I was lucky enough to have a prime balcony position looking straight onto the stage for Amon Tobin’s ISAM live at The Palace Theatre in Melbourne last night.  We arrived early (read 2 hours early!) to make sure we got a good vantage point as this is a show that is heavily reliant on the relationship between the incredible visual performance and the carefully manicured and layered sound that are Tobin’s brilliant trademark.  I recently attended Aphex Twin‘s concert at the Palace and unfortunately arrived just before the main act and couldn’t get a spot to see the stage anywhere.  Luckily the 2 hour wait was absolutely made up for with a performance, like nothing I have ever seen before.

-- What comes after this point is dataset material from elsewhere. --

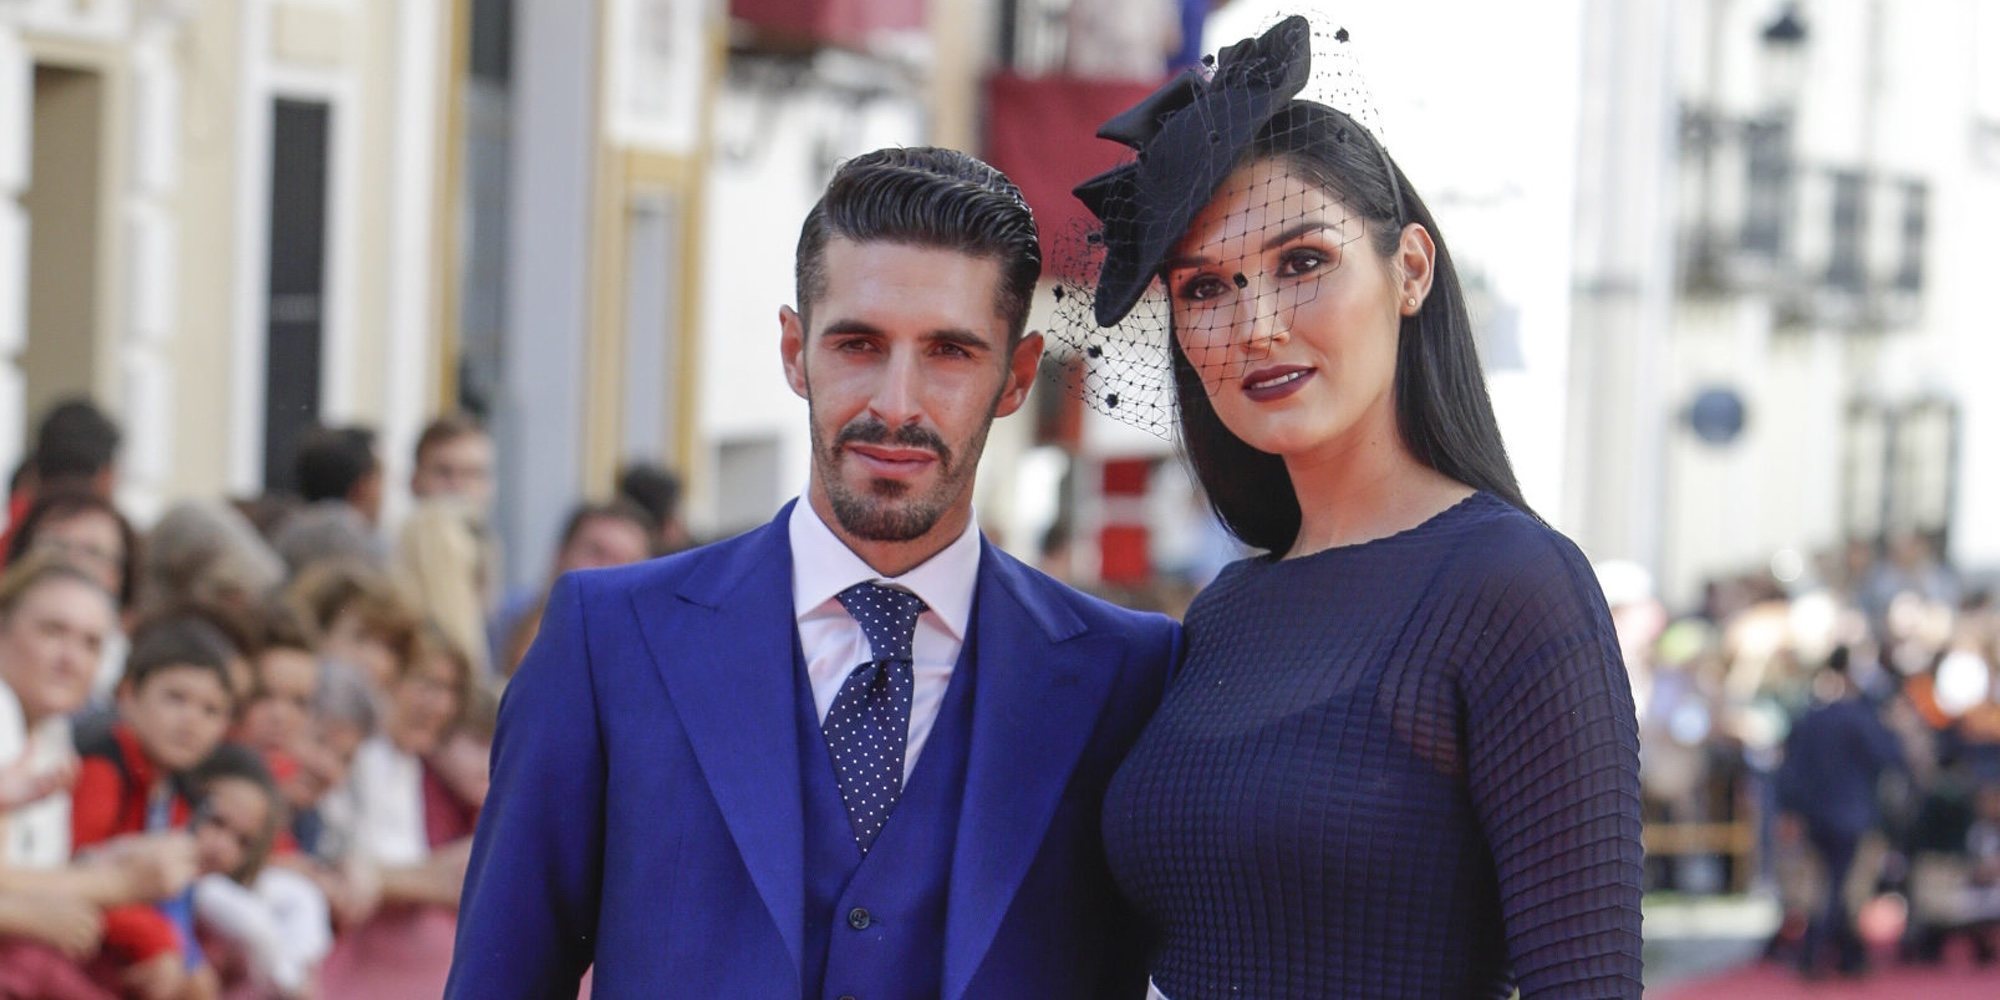 El torero Alejandro Talavante y la modelo Jessica Ramírez se divorcian tras 5 años de matrimonio

The set was a combination of different shaped white cubes creating a 3D precarious looking stack- not unlike toy blocks stacked up high by a toddler.  While interesting in itself- this was nothing compared to the transformation once the show started by way of precision projections onto the surface of the block.  Timed to the music with such absolute perfection, the blocks morphed in on themselves, lit up, caught fire, melted like lava, got sucked into themselves like some kind of vacuum or black hole, went all fluoro like a scene from Tron, turned into some kind of grinding machine and on and on it went.  For over 1 1/2  hours you could not take your eyes off the stage.  It was mesmerising, the patterns never repeating, always keeping you engaged.   The sophistication of the images made the whole set feel as if it was alive- pulsating, breathing and moving, not just with the compositions- but as part of it as if it was creating the sounds.   I loved that Amon Tobin himself was inside one of the cubes and that at various points he was lit up and at other times camouflaged.  You really got a sense that he was the pilot, or the beating heart in this strange creature.

Performing electronic music can be disengaging for the audience and it is something I try and consider every time I do a show– a head in a laptop, slaving over buttons and faders that are complex and take a lot of skill are lost on an audience who is listening to you with their eyes and don’t see the complexities of your performance when they are not taking the physical form of fingers on the string of a guitar, of sticks on drum skins.  Although a show like this takes a massive budget and huge team to achieve, I find it good food for thought when thinking of ways to show the scope and power of electronic music to an audience.